The multiple regression and metaheuristic techniques have been successfully used to predict the downhole environment and improve the future of drilling operations, particularly as they offer the ability to optimize complex drilling operations, while the number of data used is limited, which leads to a complex and challenging solution search process. In the present work, an investigation for ROP optimization has been done regarding different ROP models (Bingham, Maurer, and B&Y model). Furthermore, regression analysis and ACO techniques with various approaches (MLR, MNLR) and objective functions (MSE, RMSE, MAE, MAPE, R2) have been examined. Two different wells (from onshore and& offshore) with only 30 data points for each well have been utilized. The following conclusions can be drawn:

  • ROP modeling: we found that the B&Y model outperforms the published ROP models (Bingham and Maurer) with the highest correlation coefficient and the lowest RMSE (R=0.9522, RMSE=2.85) and (R= 0.9811, RMSE=4.08) for well 1 and 2 respectively.
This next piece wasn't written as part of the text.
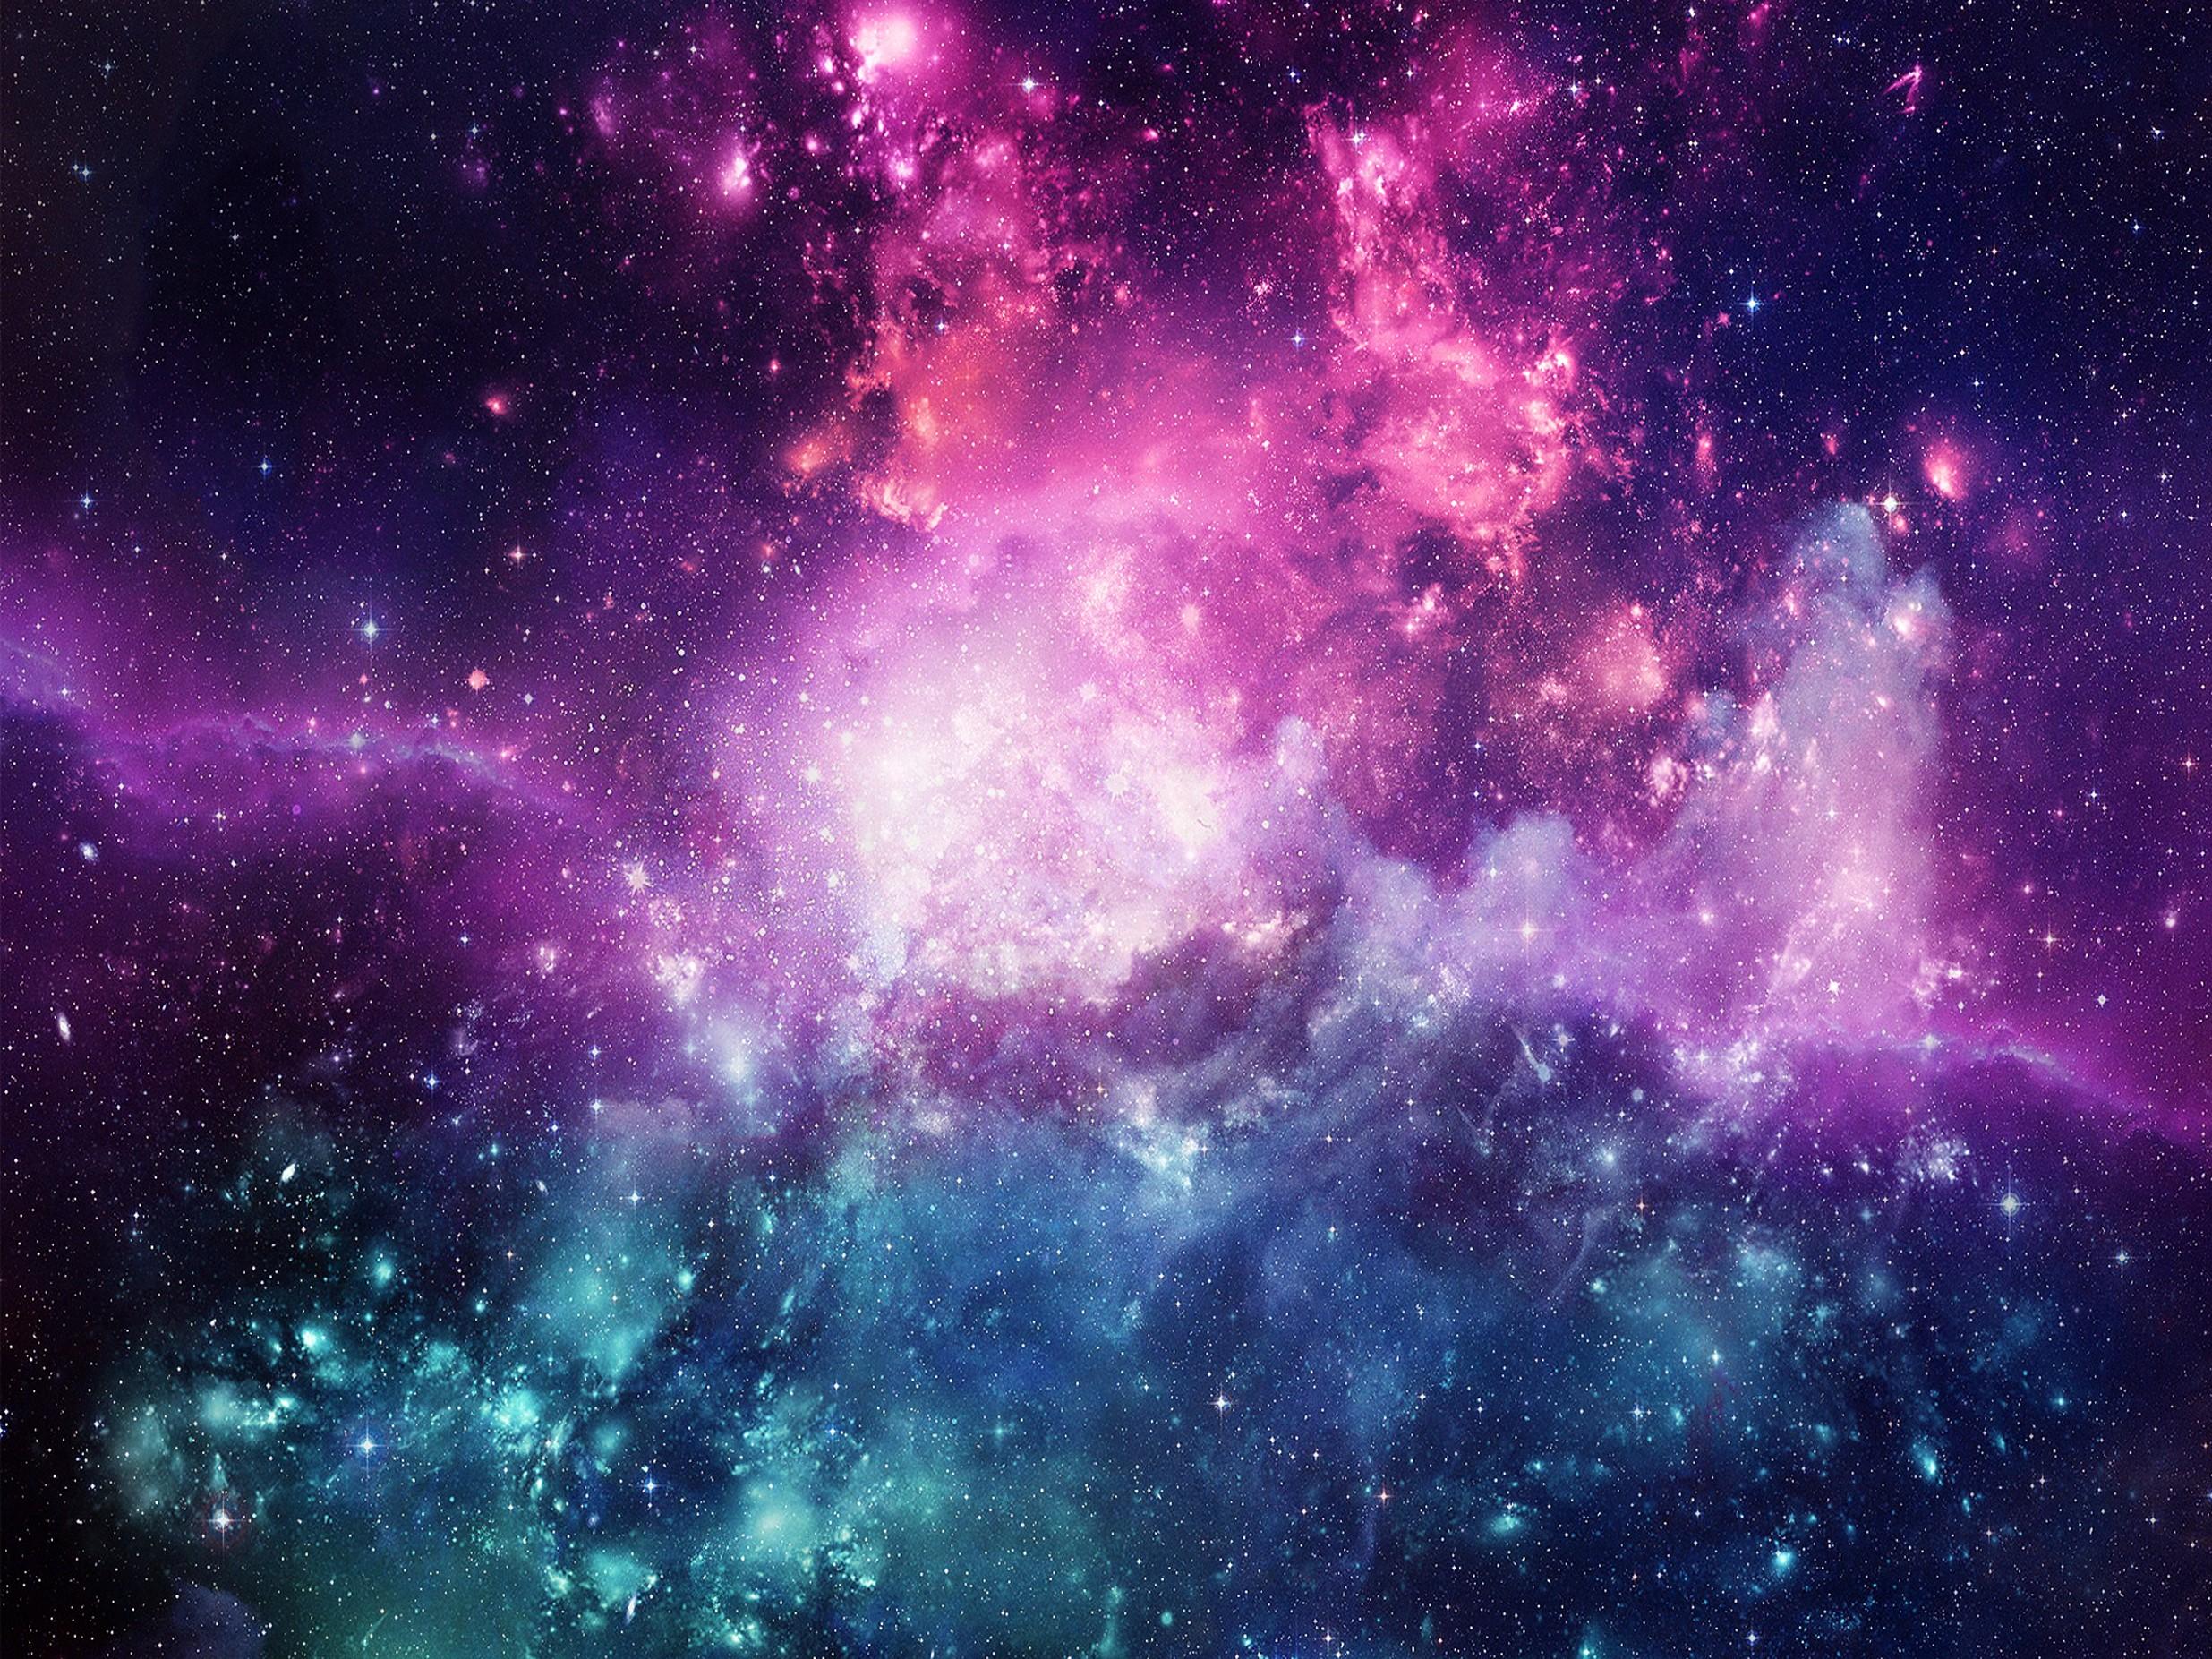 Las diversas moléculas presentes en el espacio permiten a los astrónomos conocer la morfología, densidad, temperatura y movimiento del gas que las contiene.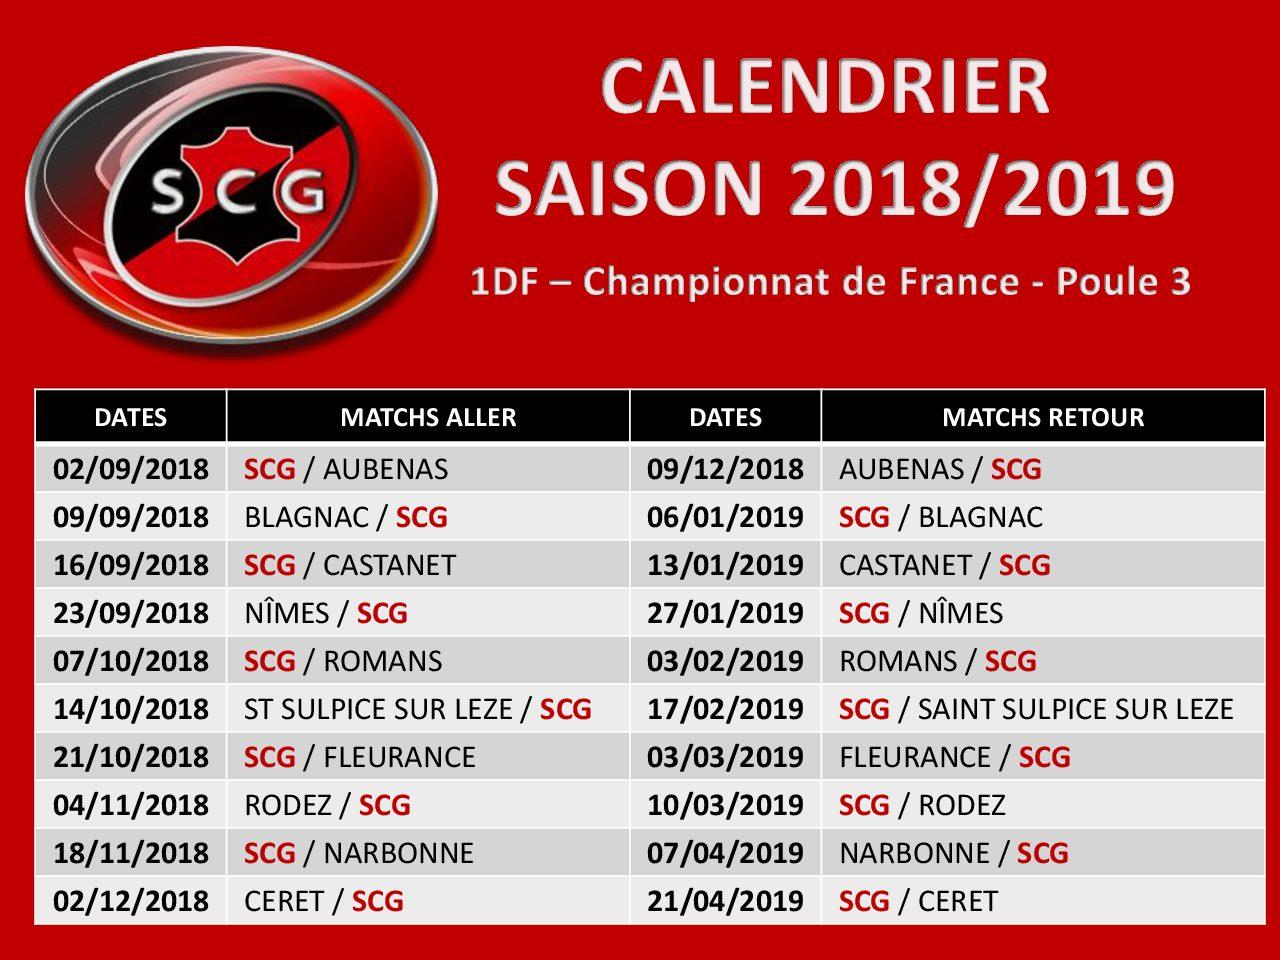 Le calendrier de la saison 2018/2019 dévoilé !

  • Techniques: Regression and metaheuristic techniques have been tested for ROP prediction using two different approaches, MLR and MNLR. The results reveal that MNLR is the most effective strategy for both techniques. This may be explained by the interaction between the applied drilling parameters and the formation, which leads to a nonlinear pattern.

  • Objective function: After 27 tests of 5 different objective functions (MSE, RMSE, MAE, MAPE, and R\(^{2}\)), it has been found that the best results are obtained by MSE and R\(^{2}\) as objective functions, for both well 1 and 2.

  • Algorithms: Fminsearch, Lsqcurvefit, ACO, and Excel (GRG) algorithms give the most accurate results and high response to ROP prediction.

  • Fminunc algorithm gives a moderate result and high convergence with MLR rather than the MNLR.

  • Lsqnonlin and fsolve algorithms give the same results. However, they are the worst ones compared with other algorithms.

  • Regression (Fminsearch, Lsqcurvefit, and Excel (GRG) algorithms) and ACO algorithms perform the best result in the application of MNLR approach with the use of MSE and R\(^{2}\) as objective functions.

    This study validates the application of B&Y model in both onshore and offshore wells. The findings of this paper could be a strong candidate by providing a new approach deals with data limitation problems. Significantly the method can reduce the non-productive time and develop a fitness function during real-time optimization, yielding the lowest drilling cost in well planning and exploration phases. However, the selected models do not take all the drilling variables under consideration, such as vibration, torque, and formation characteristics; even so, due to the complexity of the problem, currently there is no perfect model that covers all the drilling parameters.